2. Strategic Thinker: Strive for alignment; explore the vision, mission, and organizational direction; keep the pieces linked together; articulate the big picture; link team to other organizations or environmental situations to drive alignment; crate a vision and strategy for the organization.
3. Business Focused: Focus on measurable results; build interdependence and teamwork; reward performance.
4. Results Oriented: Demand results to get results; implement plans and monitor performance; delve below the surface to get to the root cause; explore various angles to trigger meaningful discussion and debate; set direct, clear expectations; take personal responsibility for initiating change.
5. Skilled Communicator: Initiate and prompt discussions; encourage dialogue; facilitate debates; spend meeting time wisely; “stir the pot” if necessary to flush out disagreements; evaluate team membership.
6. Relationship Driven: Show care for members of the team; use a personal touch with the other leaders; create strong relationships and a foundation of trust; encourage learning and risk taking; stimulate a team’s growth; trust and empower others.
7. Sense of Urgency: Balance impatience with high quality standards; do the right things right; model a sense of urgency; create energy in others to generate outstanding results; refuse to protect the status quo; institute continuous improvement as an operating value.

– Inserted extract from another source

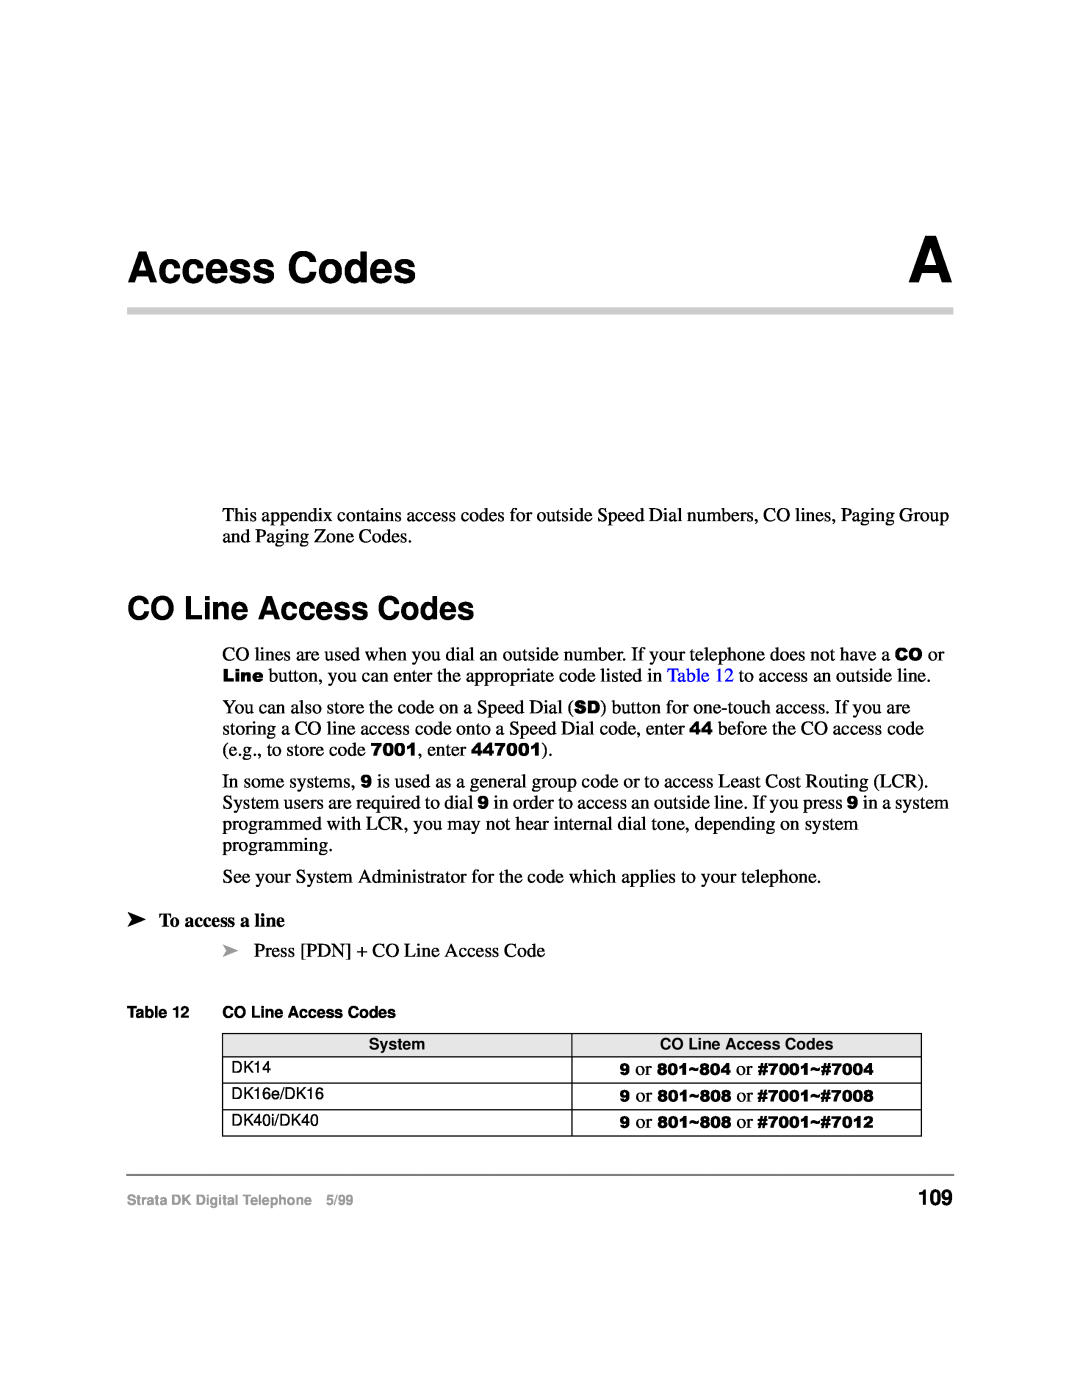 Toshiba CT manual CO Line Access Codes, To access a line 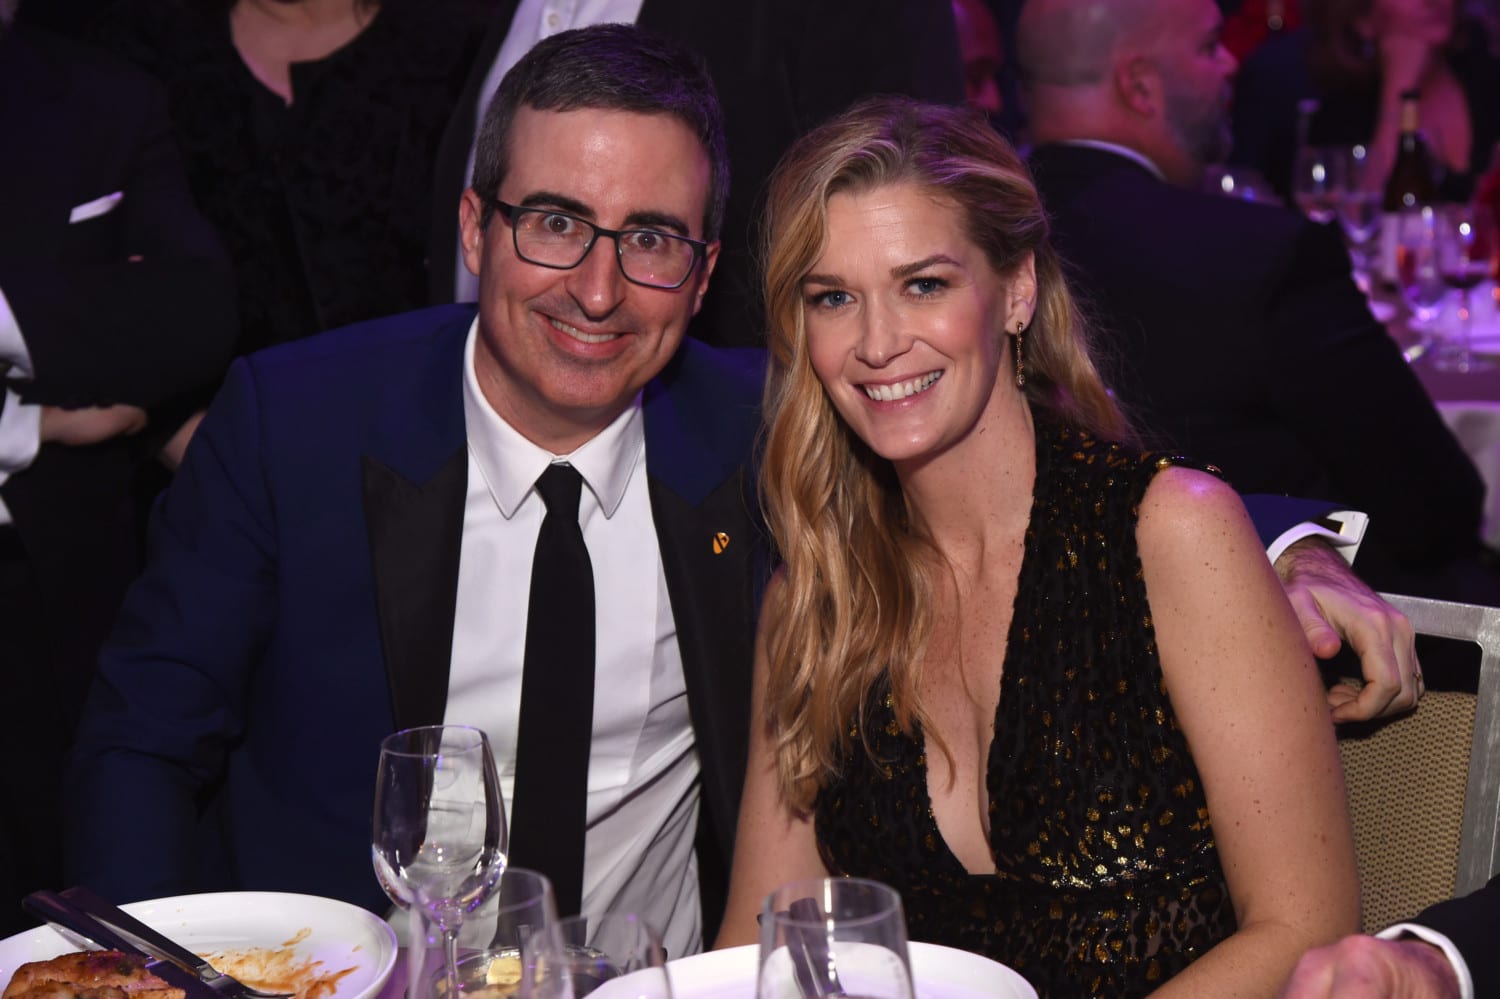 John Oliver and Kate norley photo

8. Alignment: Engage individuals until issues are worked out; connect the need for change with performance goals and organizational structure; make messages clear to people in terms they can understand and relate to, no matter what their managerial level or background.
9. Tough Love: Confront nonperformance and incompetence; find ways to bring out an individual team member’s greatness; supplement one member’s weakness with another member’s strength.